They say time heals all wounds. It doesn’t. In most cases, without proper care and a supportive environment, mental wounds only worsen with time. But with adequate psychosocial support, people can start to regain resilience and perspective, giving them strength to rebuild their society. It is high time that psychosocial well-being of people and communities affected by conflict gets the international attention it deserves.
In 2018, Sonita Khalil, a trained biologist, started as a social worker in a village in the Kurdish region of Iraq, a couple of hours’ drive from her hometown, Sinjar. Together with the entire Yazidi population, she had been driven out of Sinjar by Islamic State group fighters in 2014. Four years later, knowing what forcibly displaced women and girls had gone through, knowing about the horrors and the grief, she wanted to help them carry the weight no shoulders should bear.
Khalil was trained in Seje, near Duhok, in the basics of social work and started working in a primary health center staffed and equipped by Dutch NGO Cordaid, the Catholic Organization for Relief and Development Aid, two years before.
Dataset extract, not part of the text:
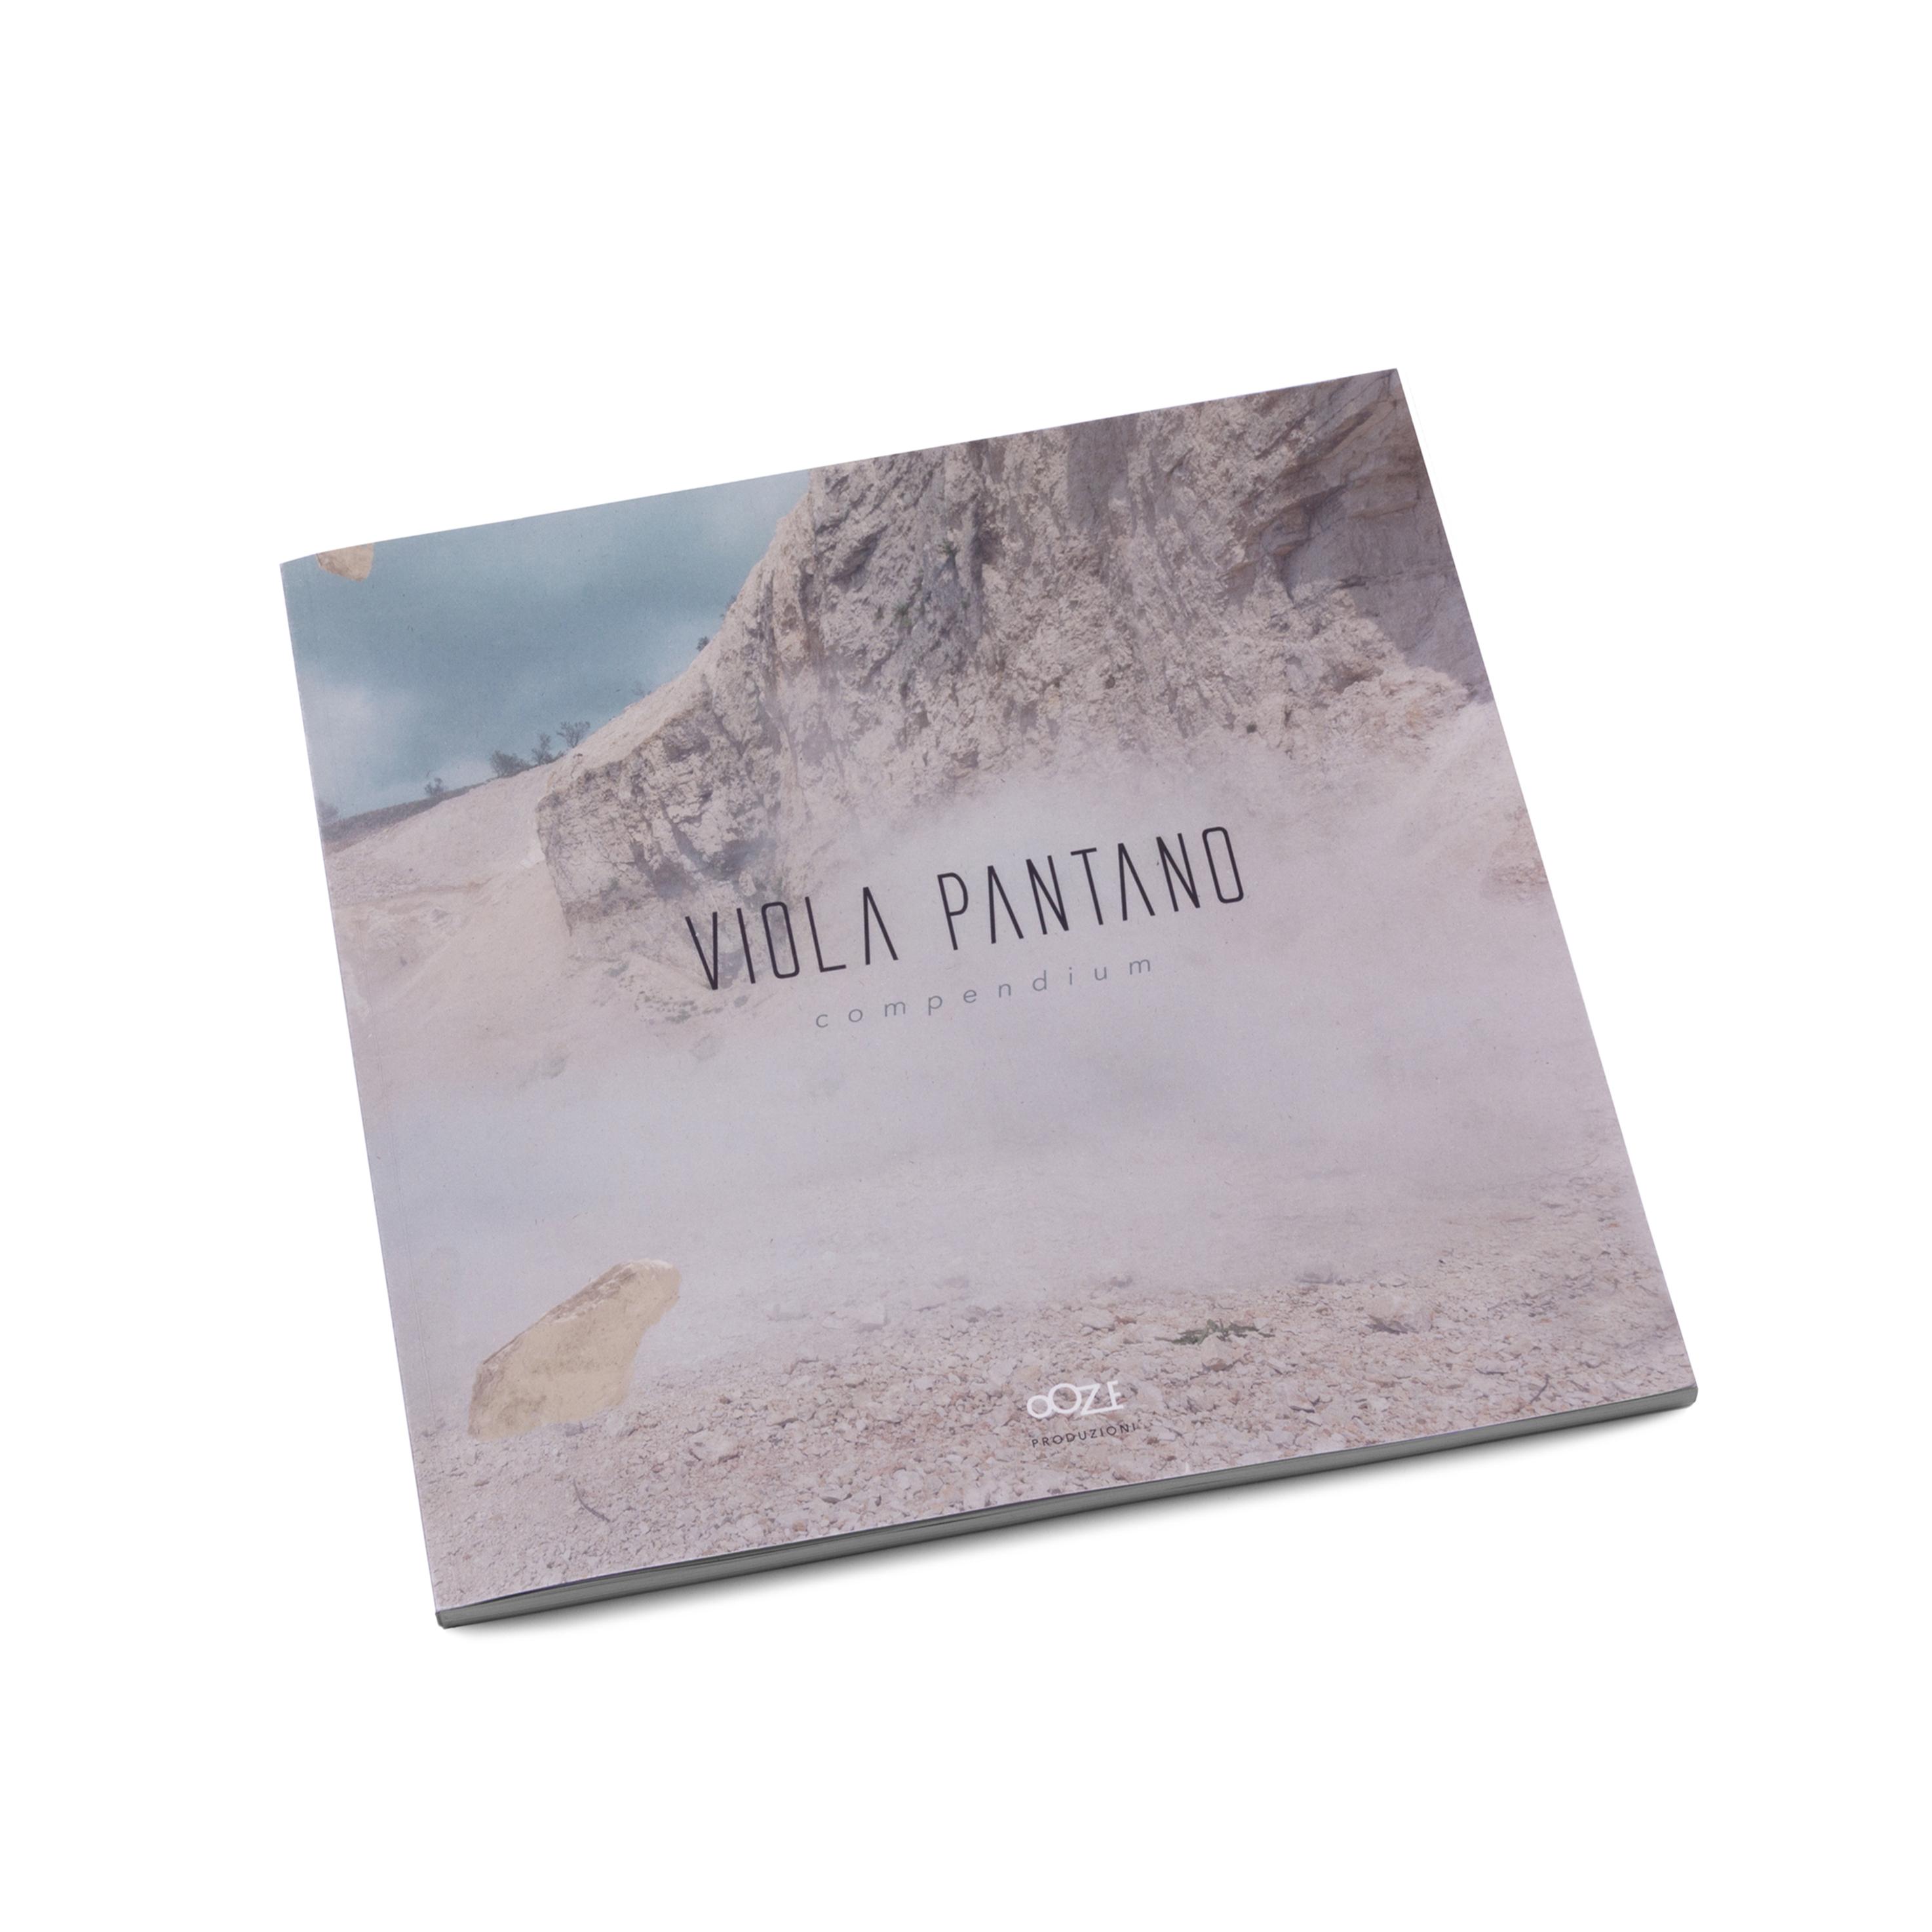 029_Viola Pantano 2018 (high)

Displaced families and host community members found their way to the center, not only revealing alarming physical conditions but also severe levels of anxiety and other trauma-related disorders.
To address their acute psychosocial needs, Khalil and other newly recruited and trained social workers teamed up with the only available psychiatrist — who lived and worked a couple of hours away by car and could only come once a fortnight. Finding personnel to address mental health needs in the Sinjar area proved exceedingly hard. Like in many other parts of the world, mental health care services are still shrouded in stigma and prejudice, underrated, and understaffed. Every single one of these mental caregivers is a hero. They give their all and work with whatever resources at hand. But the truth is that the mental health system in which they work, without expectation of recognition, has gaps as big as bomb craters.
To start, the crucial middle part of the mental health pyramid — psychosocial counseling and psychotherapy — is utterly lacking. Psychiatrists who offer specialized care and social workers who respond to primary health care needs and provide general support are filling the gaps as much as they can. But the problem is structural. Proper therapy can help prevent people from falling into a deep depression or from committing suicide. Filling the gaps out of necessity can’t.
They say time heals all wounds. It doesn’t. In most cases, without proper care and a supportive environment, mental wounds only worsen with time.—
Then there’s the critical lack of mental health caregivers, coupled with the daunting scale of mental health needs. Finally, there’s the lack of time and the backlog of care. As the years go on, the suffering of displaced and traumatized people increases. Sleeping and eating disorders, anxiety, and depression add to the stress of living in poverty — conditions that have become more pronounced due to COVID-19. Traumas accumulate. With time, treatment becomes more urgent and more difficult.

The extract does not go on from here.